At some point in your life, you may experience knee pain. At least one in three people over the age of 45 report knee pain, and it's a common reason people see their doctor or go to the emergency room. Knee pain can be caused by injury or other medical conditions, such as arthritis, gout, infection, or a number of other causes. But the question is, "When should you see a doctor?"
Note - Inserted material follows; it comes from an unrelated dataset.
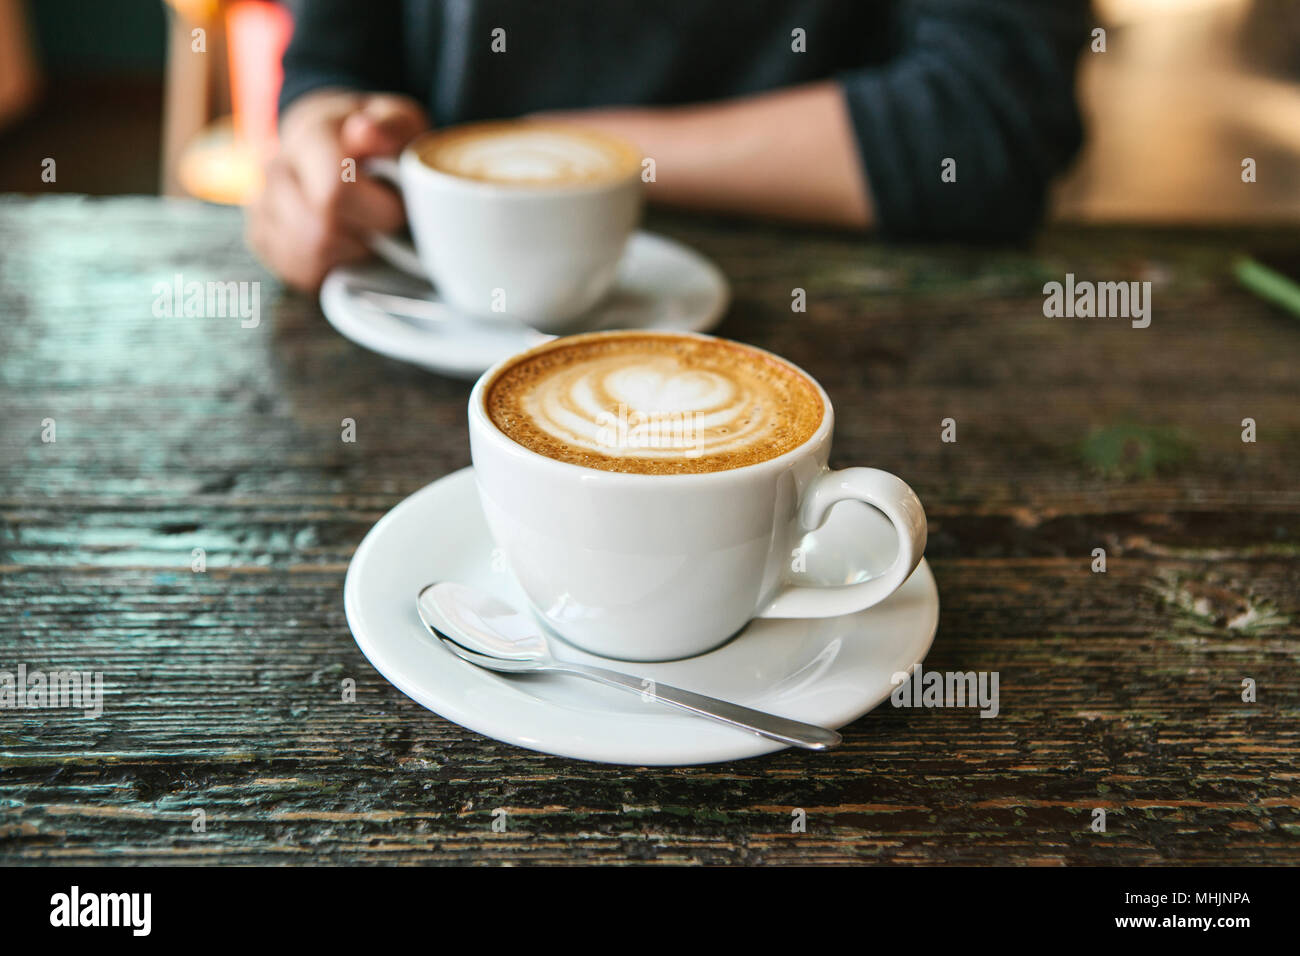 Zwei Tassen Kaffee Auf Einem Holztisch Die Madchen In Ihrer Hand Eine Tasse Kaffee Im Hintergrund Halt Ein Foto Zeigt Ein Treffen Von Menschen Und Einem Gemeinsamen Zeitvertreib Stockfotografie Alamy

If you have had an accident and complex fracture (bone sticking out under or through the skin) or have a marked deformity of the foot or knee, you are unable to support the weight of your knee, you have severe knee swelling, anxious pain, redness, tenderness, and swelling of the knee, which may indicate an infection, you should consult a knee specialist. There may be other reasons also to consult a knee pain specialist.
Treatment for knee pain includes rest, freezing, elevating the affected knee, and sometimes using nonsteroidal anti-inflammatory drugs (NSAIDs), including aspirin, ibuprofen (Advil, Motrin, others), and naproxen (Aleve, Naprosyn), to reduce pain and inflammation. These drugs can cause side effects if taken for a long time or in excess of the recommended dose.
Also, there is a limit to how much pain you can control, and taking both at the same time doesn't necessarily result in more relief, but can increase the risk of side effects. If you don't notice any improvement within three to seven days, you should see your physician or a specialist in sports medicine or orthopedics.